Archive for Tuesday, February 21, 2006

Officer faces termination for lax inspection of van

Lapse in protocol cited as factor in prison escape

February 21, 2006


The first casualty in the aftermath of the Feb. 12 inmate escape from Lansing Correctional Facility may be a corrections officer.

The Kansas Department of Corrections on Monday afternoon said Warden David McKune was proposing the termination of the officer for failing to follow the prison's security protocols.

The lapse in protocol - not adequately inspecting vehicles as they leave the prison grounds - was a factor in the escape of John M. Manard, a 27-year-old inmate who was serving a life sentence for first-degree murder. Manard and his alleged accomplice, Toby Young, the lead volunteer with a dog-rescue program at the prison, have not been seen since the escape.

Bill Miskell, a spokesman for the Department of Corrections, described the officer who is facing firing as having "at least eight years" of experience on the corrections staff.

The officer is not thought to be involved in the escape scheme. Rather, his pending termination is for paying lax attention to protocol that could have prevented the escape.

"I can tell you that, based upon the information that we've been able to develop from interviews and from the video surveillance, he did not properly inspect the Safe Harbor Prison Dog van as it left with Toby Young driving and John Manard hidden in a dog crate in the back of the van," Miskell said.

The officer was notified Monday of his proposed firing, Miskell said, and suspended with pay. Under civil service regulations, the officer will have the opportunity to discuss the action with McKune. After that time, McKune will make the decision about whether to finalize the proposal, modify it or withdraw the action.

Miskell said McKune likely would make his decision by the end of this week.

If the officer disagrees with any disciplinary action that is imposed, he can appeal to the State Civil Service Board. Only then would the officer's name be made public by the state, Miskell said.

A call to Lansing Local 3371 of the American Federation of State, County and Municipal Employees, the union that represents corrections officers at the prison, went unanswered Tuesday afternoon. The local's president did not respond to an e-mail inquiry Tuesday evening.

Meanwhile, authorities are actively continuing the search for Manard and Young with the help of local, state and national law enforcement agencies.

"We have notified authorities from both Mexico and Canada that John Manard has escaped from the Lansing Correctional Facility and Toby Young is believed to be with him," Miskell said.

Last week, authorities asked for the public's help in spotting the pair - who may have disguised themselves since the breakout.

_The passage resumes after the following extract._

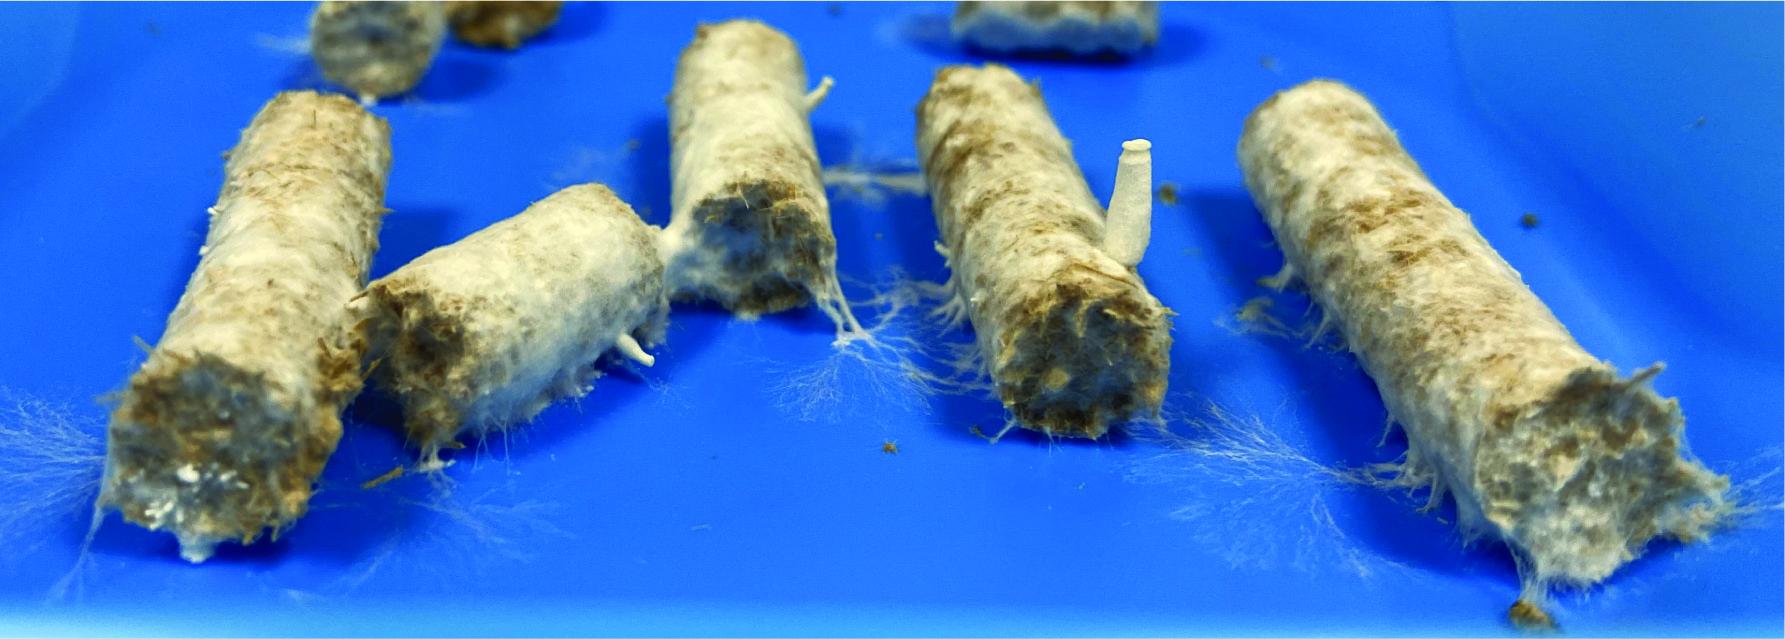 Printed waste-based rods bound by fungus

Videotape from a Kansas City-area store captured Young purchasing an electric razor and black or dark brown hair dye prior to the escape. The two also are believed to have more than $10,000 in cash and two semiautomatic handguns.

Miskell said the call for help has resulted in "lots and lots of sightings, particularly from the metro (Kansas City) area," but "the information we have developed thus far has not been productive."

Authorities also have asked the public's help in finding someone who may have sold a 1998-2000 blue Chevrolet sport utility vehicle within the past month or so to Young.

They believe Young and Manard left the Safe Harbor van at a Bonner Springs storage facility for the SUV.


bankboy119 12 years, 2 months ago

Yes of course the guard should get the same punishment as the murderer. I guess if I had a phd I would have known.

badger 12 years, 2 months ago

If it had been a simple mistake, something he didn't notice or couldn't have been expected to see, I'd be inclined towards leniency for the guard.

But he deliberately ignored his procedures and his rules, and the very thing the rules were supposed to prevent happened.

If this is the first time he's ever failed to follow a procedure, and he has been an exemplary employee to this point, then perhaps some form of suspension and probation. However, barring him being a pretty amazing employee, I just can't see a lot of justification for him keeping his job. Aside from the fact that he allowed an inmate to escape and all the ramifications of that, corrections officers need to trust that the other guy will do what he's supposed to. If they can't trust him, it may undermine their effectiveness as a whole.